Without limiting and subject to the license rights expressly granted to Recipient in Article III(a)(i), the Contributed Assets specifically exclude any and all Intellectual Property Rights that are not Contributed Intellectual Property Rights.
(b) Effective as of the Effective Date, Recipient hereby accepts the contribution, transfer, assignment and conveyance to it of the Contributed Assets, and assumes and agrees to perform or cause to be performed all of the liabilities and obligations which accrue or are required to be performed in connection with or are otherwise associated with the Contributed Assets from, and after the Effective Date, including the liabilities set forth on Exhibit A (the “Assumed Liabilities”). After such contribution, transfer, assignment and conveyance, the Contributor Group
will have no rights (except any rights specifically retained by the Contributor Group pursuant to this Agreement) or liabilities with respect to the Contributed Assets.
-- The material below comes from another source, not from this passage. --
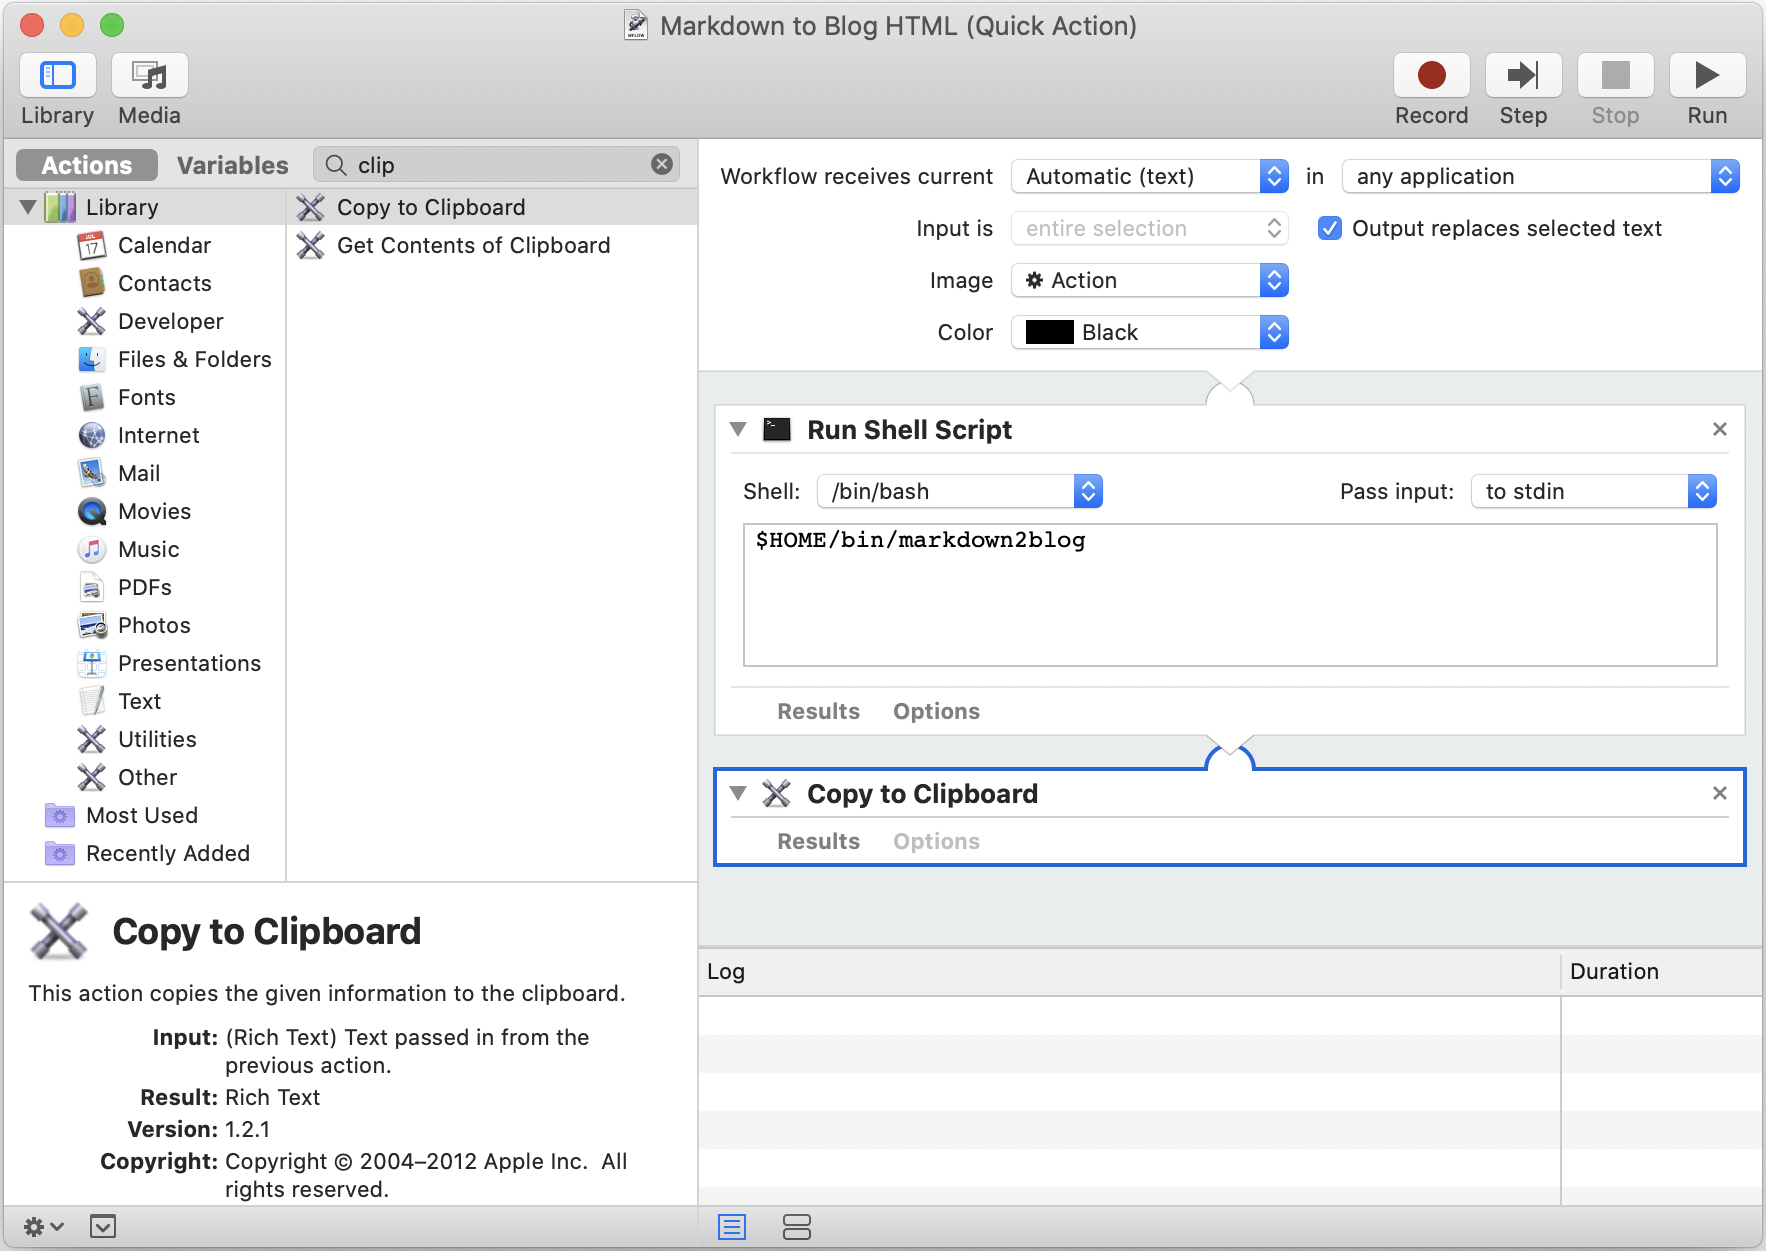 Automator Copy to Clipboard example: Use Copy to Clipboard in conjunction with “Output replaces selected text” to work around Safari’s Services bug.; Safari; Automator; Services, Quick Actions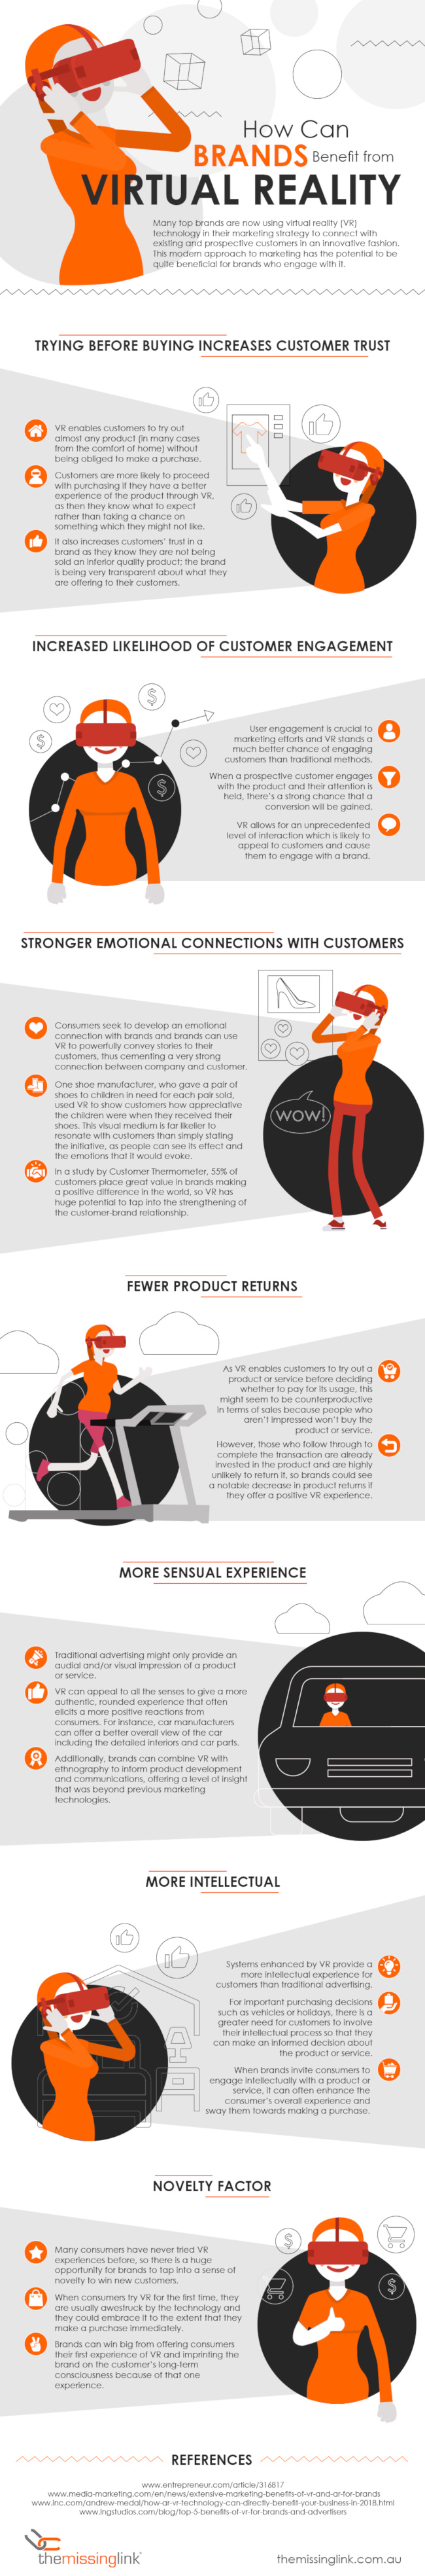 7 Ways Brands Can Benefit from Virtual Reality? [Infographic]

(c) Recipient agrees that the Contributed Intellectual Property Rights shall remain subject to all rights and encumbrances that, immediately prior to the Effective Date, have been or are required to be granted to any third party, including without limitation any release, license, covenant not to sue, standstill or similar right, whether express or implied, based on any obligation or commitment made in connection with any obligation or agreement existing immediately prior to the Effective Date, all of which shall remain in effect. In addition, Recipient agrees that, as between the Parties, Recipient is solely responsible for obtaining rights and licenses from any third parties that may be necessary for the full use and exploitation of the Contributed Assets, and that, other than with respect to the transfer of Contributed Contracts hereunder, Company shall have no obligations with respect to the procurement of any such rights or licenses.
(d) Notwithstanding anything contained in this Agreement to the contrary, except as set forth in Exhibit C, this Agreement will not constitute or be construed as an attempt or agreement to assign any lease, contract, asset, or right, if by its terms or by legal or contractual requirement an attempted assignment, transfer or sublease would, without the consent or waiver of a third party or a Governmental Body, constitute a breach thereof or would render the same cancelable by such entity until such time as such consent or waiver is able to be obtained, including without limitation with respect to any transfer of User Data. Contributor will use its commercially reasonable efforts, and Recipient will reasonably cooperate with Contributor to obtain such consents and waivers and to resolve the impediments to the assignment, transfer, sale, delivery or sublease required by this Agreement and to obtain any other consents and waivers necessary to convey to Recipient all of the Contributed Assets. In the event that a Contributed Contract cannot be assigned by Contributor to Recipient (each, a “Non-Assignable Contract”), Contributor will use commercially reasonable efforts to exercise its rights under such Non-Assignable Contract, to the extent permitted under applicable law, for the benefit of Recipient; provided that Recipient will be responsible for any amounts accrued in connection with Contributor’s exercise of its rights for the benefit of Recipient.
(e) Recipient acknowledges that, as of the Effective Date, Contributor has delivered to Recipient, by electronic transmission, the Contributed Technology and Contributed Documents. Contributor and Recipient shall prepare and retain in their business records contemporaneous documentation of such transfers. To the extent applicable, this Agreement is intended to constitute a “technology transfer agreement” within the meaning of California Revenue and Taxation Code Section 6011(c)(10) and California Board of Equalization Sales and Use Tax Regulations Section 1507 and therefore it is intended that the transactions effected pursuant to this Agreement shall not be subject to California sales and use tax. However, if and to the extent any sales, use, value added or other similar Tax applies to the transactions contemplated by this Agreement, Recipient shall bear one hundred percent (100%) of such taxes.
(f)
(i) To the extent the Contributed Equity is held in certificated form, Contributor hereby irrevocably instructs Digital Asset Registration Technologies, Inc. (“DART”) to, and upon the Effective Date DART shall: (1) cancel any stock certificate issued to Contributor
representing the Contributed Equity; and (2) issue and deliver to Recipient a duly executed stock certificate evidencing the Contributed Equity in the Recipient’s name.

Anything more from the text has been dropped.